Tomlinson after winning the Greaze in 1909

Frederick Roger John Tomlinson attended Westminster from 1905 to 1910, boarding inGrant’s for a number of years with Lawrence Tanner, whose diaries tell us a lot about Tomlinson’s time at the school. He was not really one for sports, but he did make a stir winning the Greaze two years in a row, even appearing on the front cover of the Daily Graphic after the second victory. Tanner also tells us that he broke a window in Grant’s with a snowball, and got into a number of fights while he was at the school.

At Trinity College, Cambridge, he continued to make an impression where he was apparently an ardent motorist, originally driving a car the Elizabethan reported as being “of dubious make and more dubious date; it is bizarre”. Later in his time at Cambridge, he rowed for his college and focused more on motorbikes, which he was very passionate about. In 1912 he is described as sporting a very impressive moustache, though sadly we have no photographs of him from this time.

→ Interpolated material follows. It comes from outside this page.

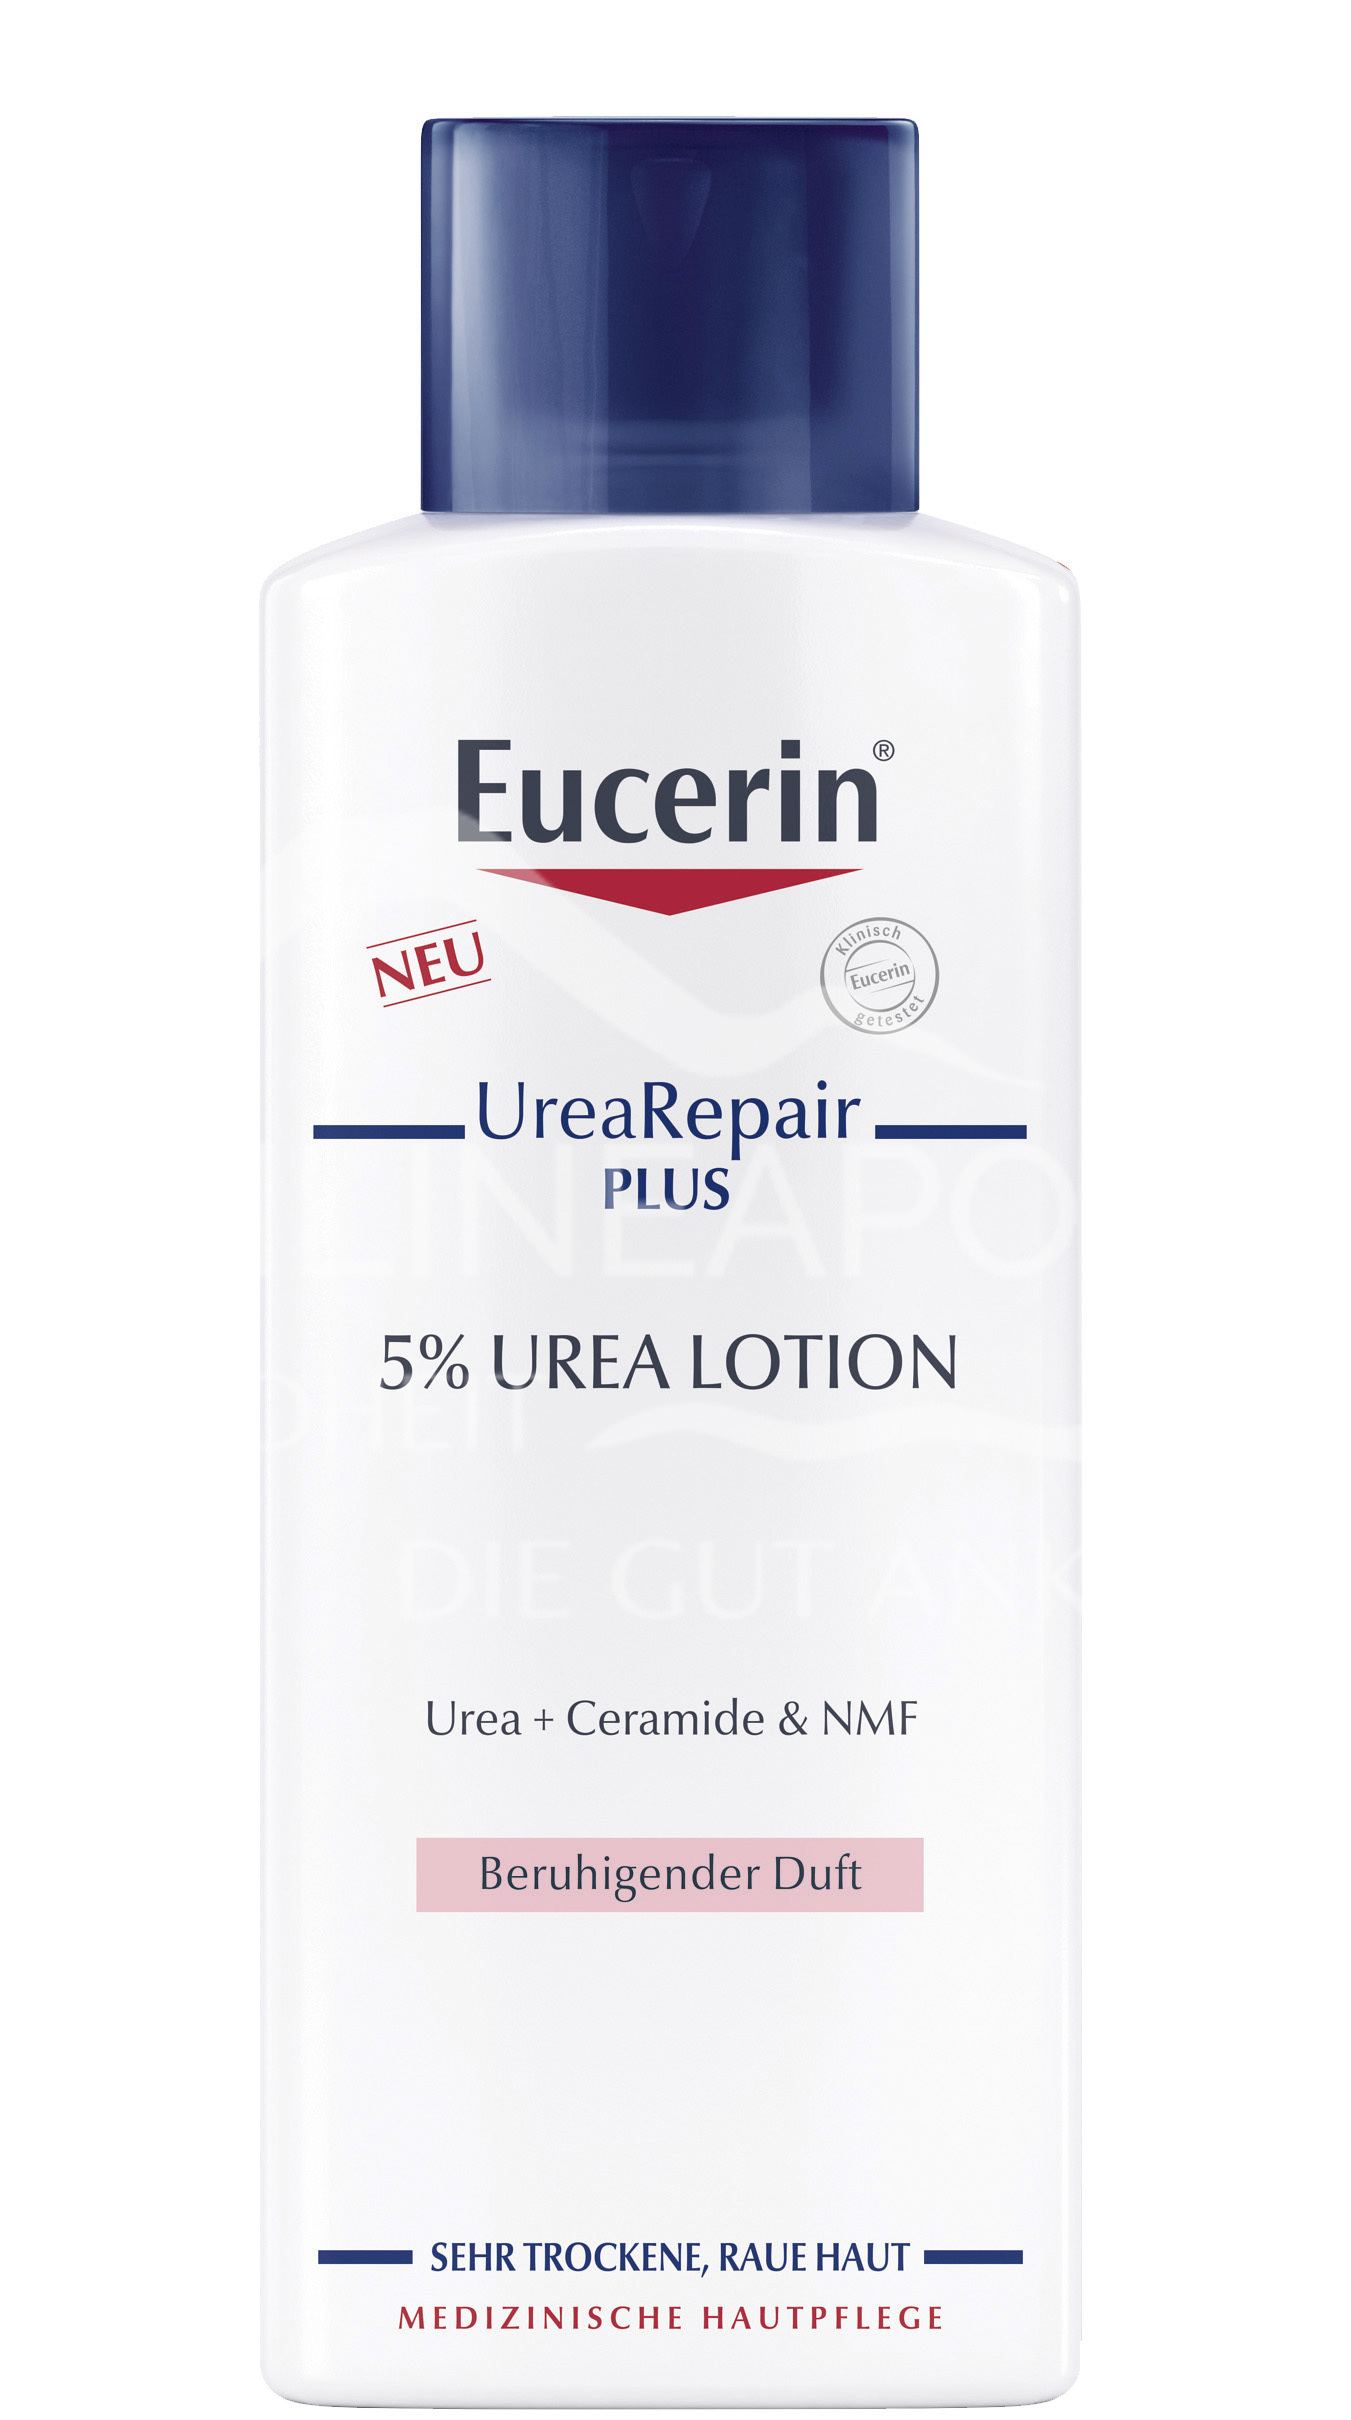 Eucerin® UreaRepair PLUS Lotion 5% mit beruhigendem Duft

We know that Tomlinson was first involved in the army through the cadet corps at Westminster, in which he was made a Lance-Corporal, in November 1908. He received a commission and went out to Belgium early in the war, probably landing in Zeebrugge on October 6th 1914, as part of the 1st Battalion, the South Staffordshire Regiment. The Division they were with was tasked with assisting with the defence of Antwerp, but the city was already falling to German forces when they arrived. Instead, they aided with the evacuation of the Belgian army, before moving to Ypres.

Tomlinson was killed on October 26th, just a few days after his 23rd birthday. Casualties at that time were incredibly high, and there was confusion surrounding his fate. He was reported in The Times as wounded, and the Elizabethan of June 1915 says this: “In October he was reported missing. It is now known that he was wounded, and while he was on the way to the field hospital, was struck by a shot or splinter and killed.” He has no known grave, and is commemorated with 54,000 others on the Menin Gate in Ypres.

Grants in 1909. Tomlinson is in the centre, behind the housemaster.